TASK STATEMENT → Leave the pictures out and write out the rest of the listing word for word.

PROVIDED MATERIAL →

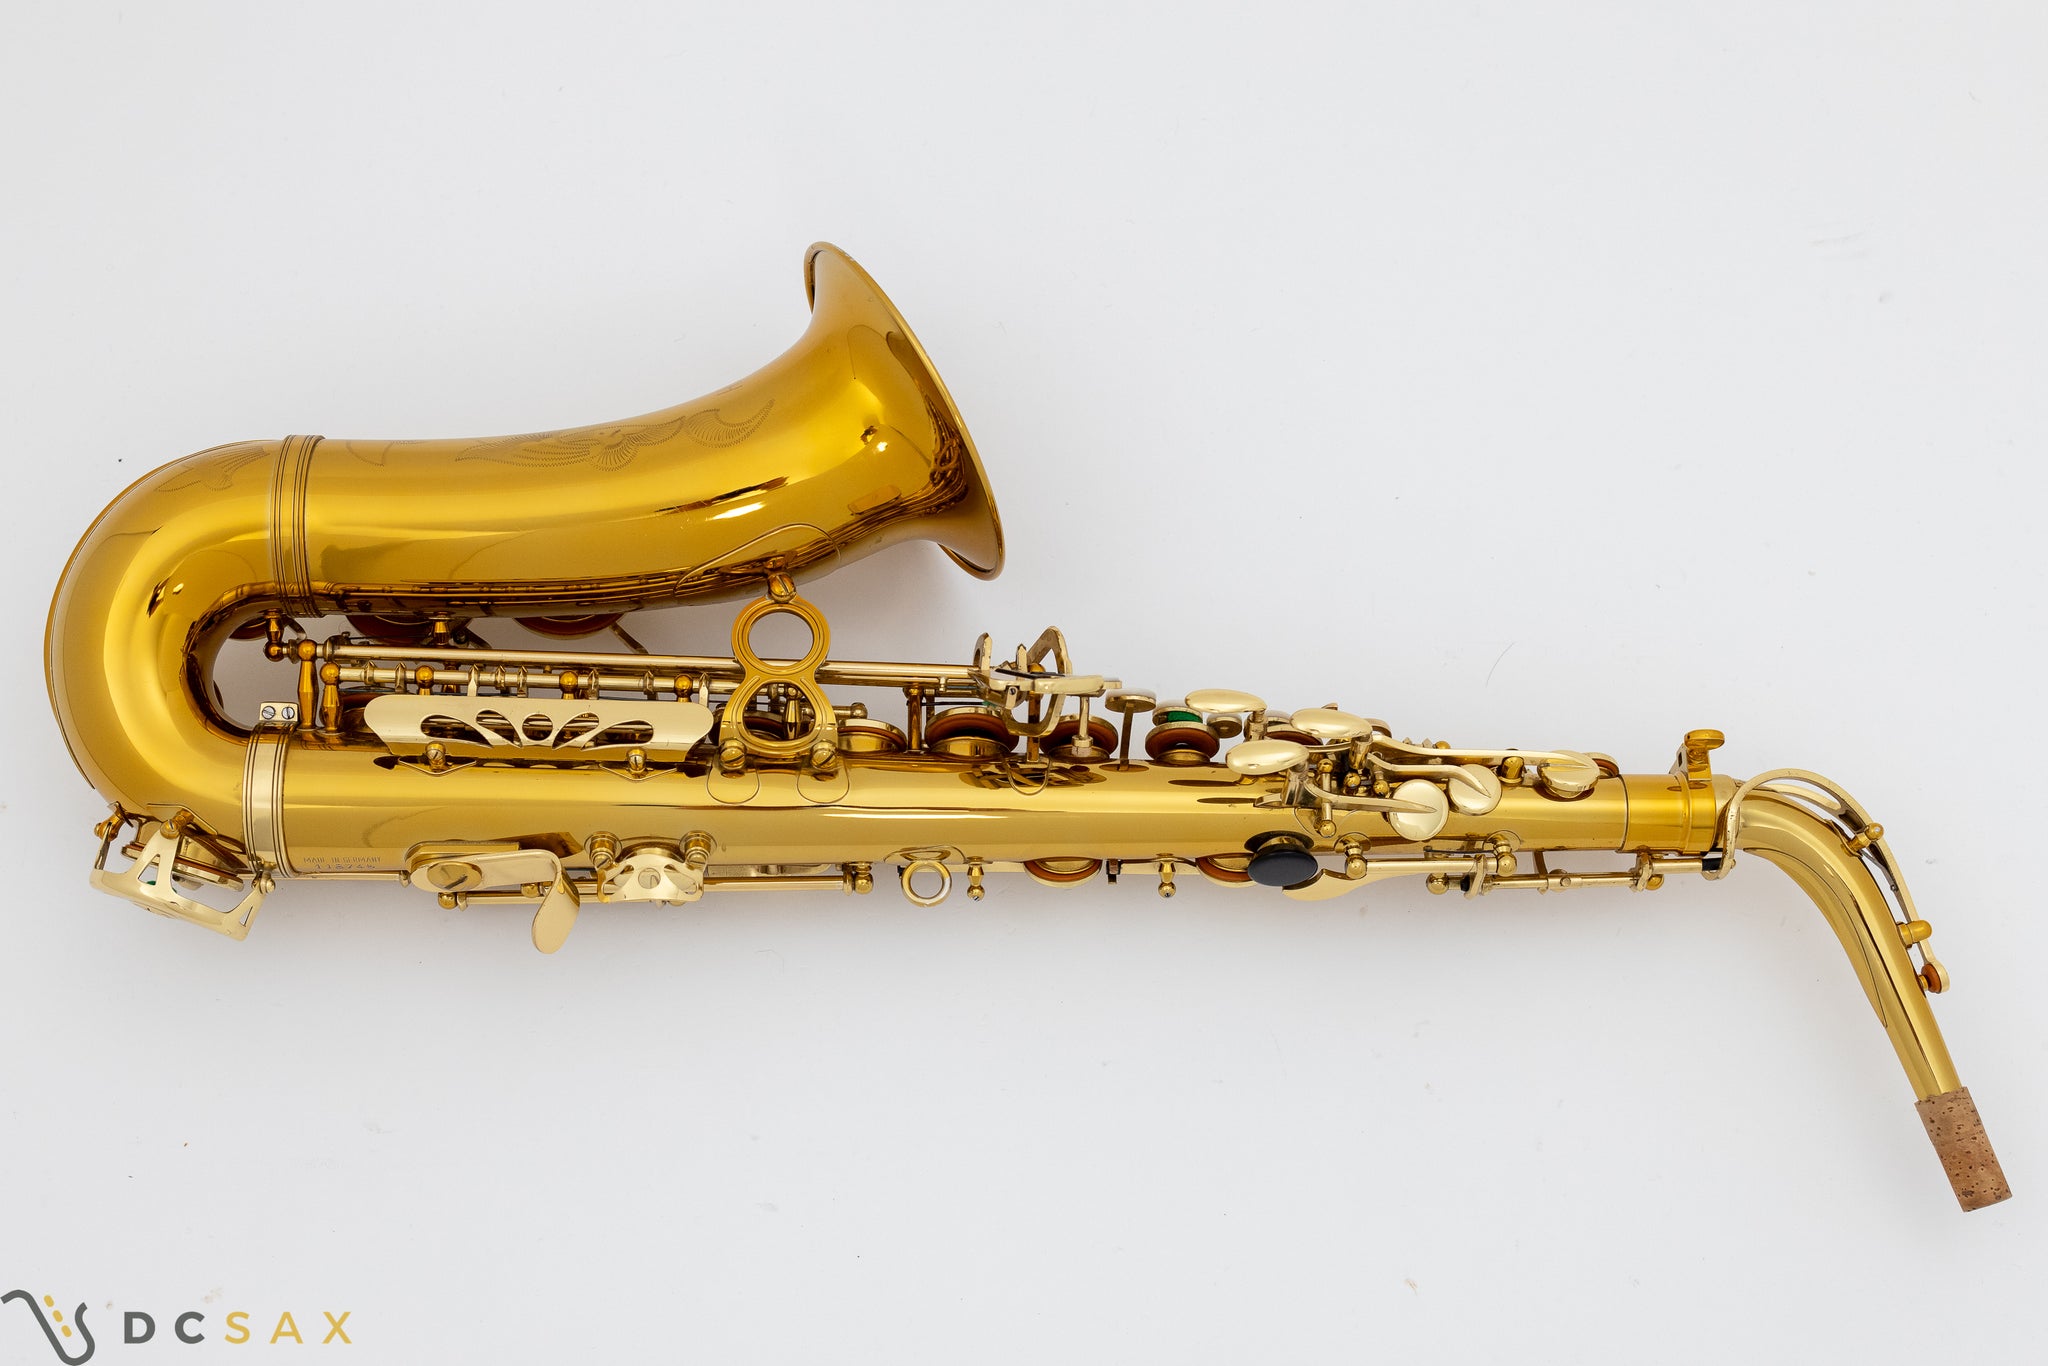 Keilwerth SX90R Alto Saxophone, Video, Near Mint
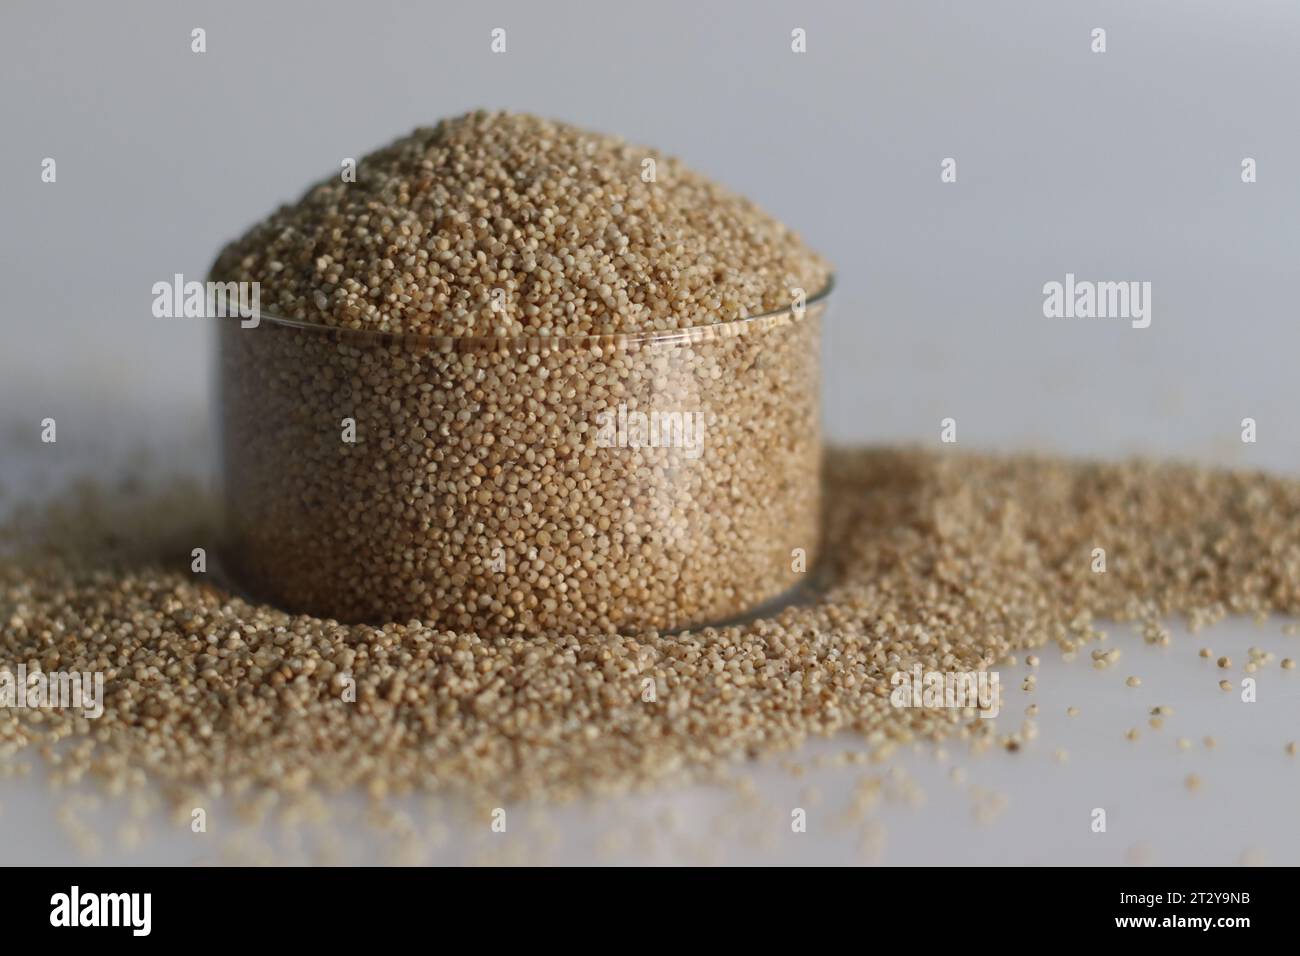 Gros plan de millet de banyard, un grain sain, dans un bol en verre rempli à bord, pour mettre en valeur les petits grains pâles de forme ronde avec une teinte dorée Banque D'Images
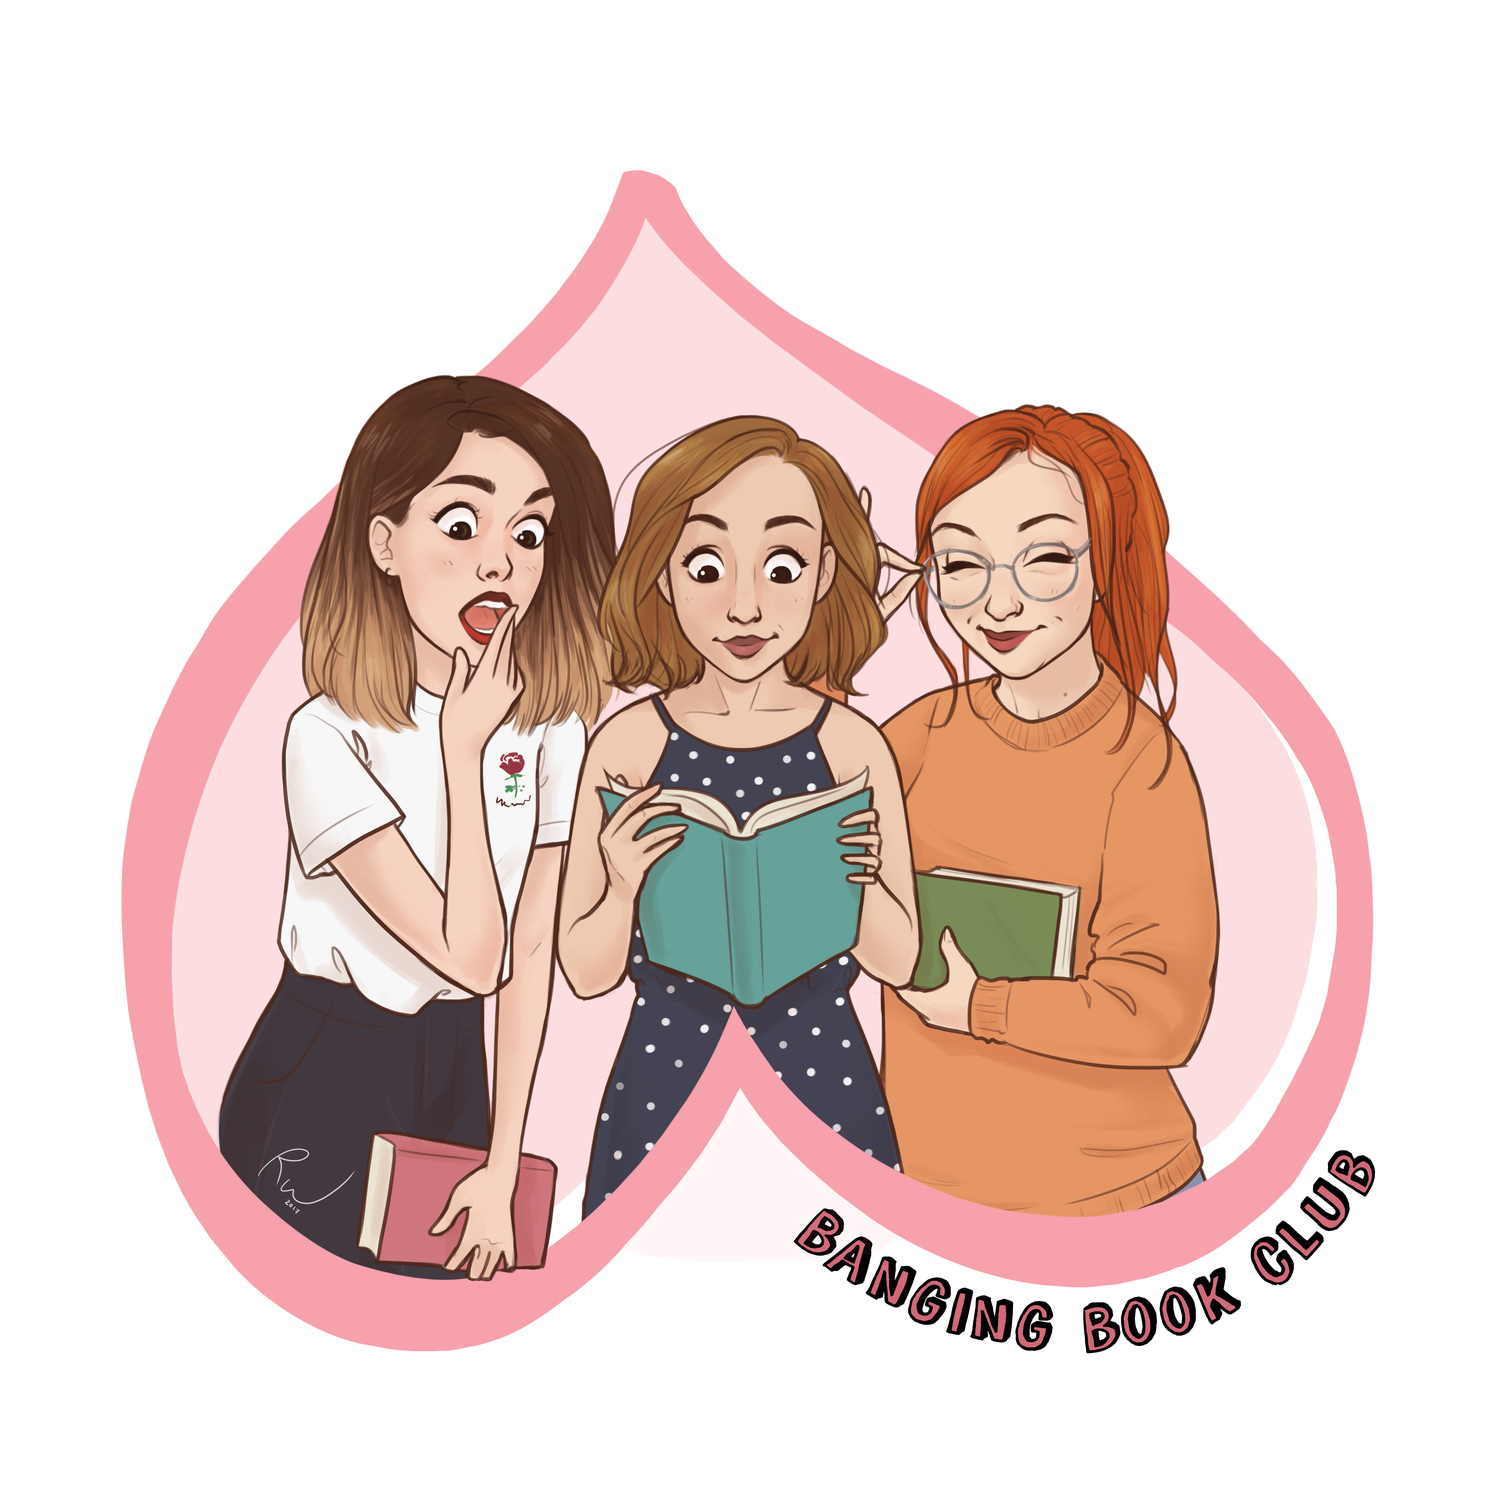 Banging Book Club
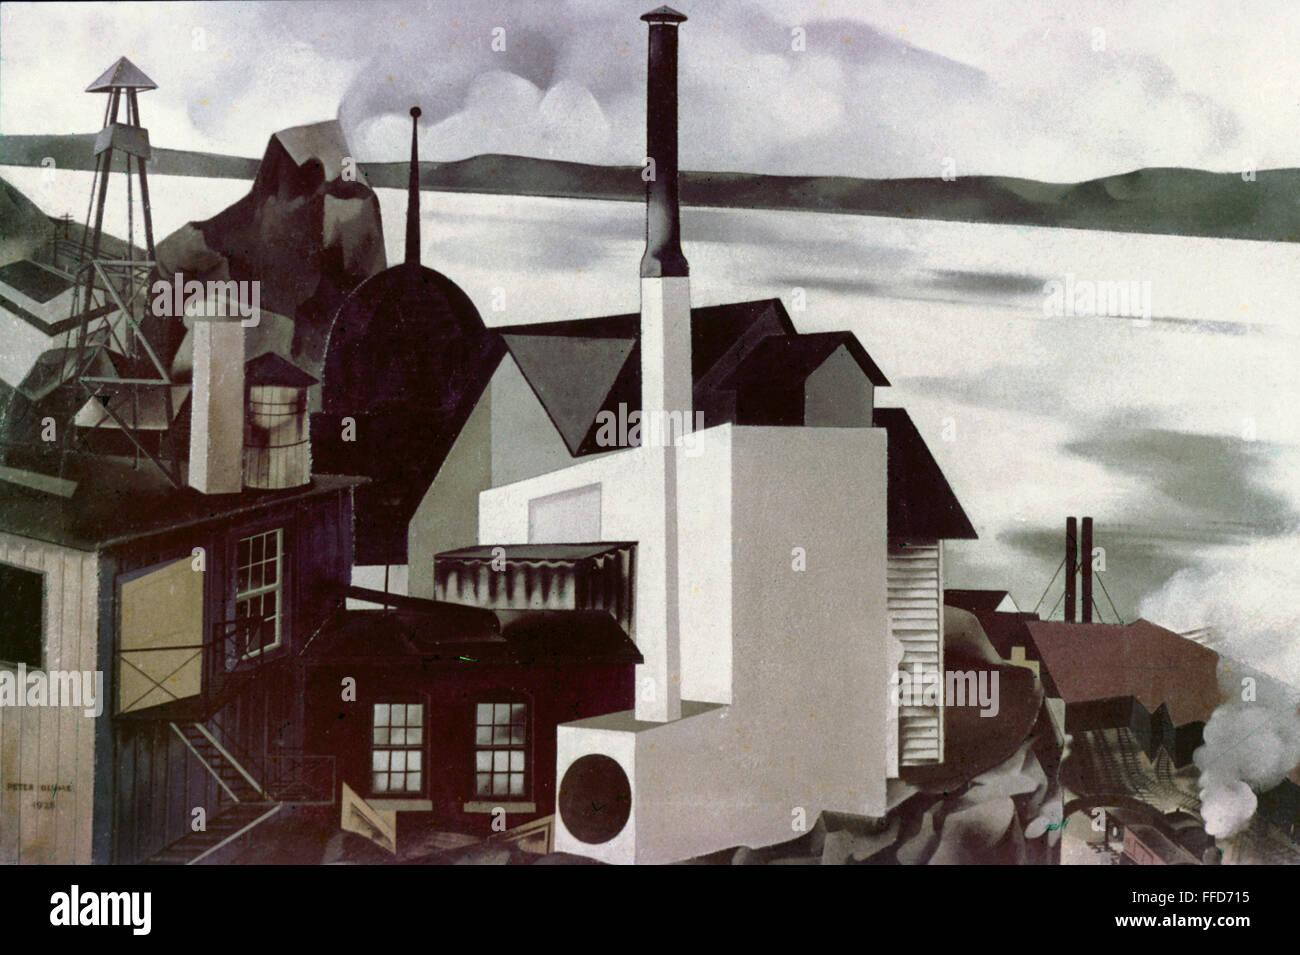 BLUME : WHITE FACTORY, 1928. /N'White Factory." Huile sur toile de Peter Blume, 1928. Usage éditorial uniquement. Banque D'Images

WRITTEN ANSWER →
 Keilwerth SX90R Alto Saxophone, Video, Near Mint
 Gros plan de millet de banyard, un grain sain, dans un bol en verre rempli à bord, pour mettre en valeur les petits grains pâles de forme ronde avec une teinte dorée Banque D'Images
 Banging Book Club
 BLUME : WHITE FACTORY, 1928. /N'White Factory." Huile sur toile de Peter Blume, 1928. Usage éditorial uniquement. Banque D'Images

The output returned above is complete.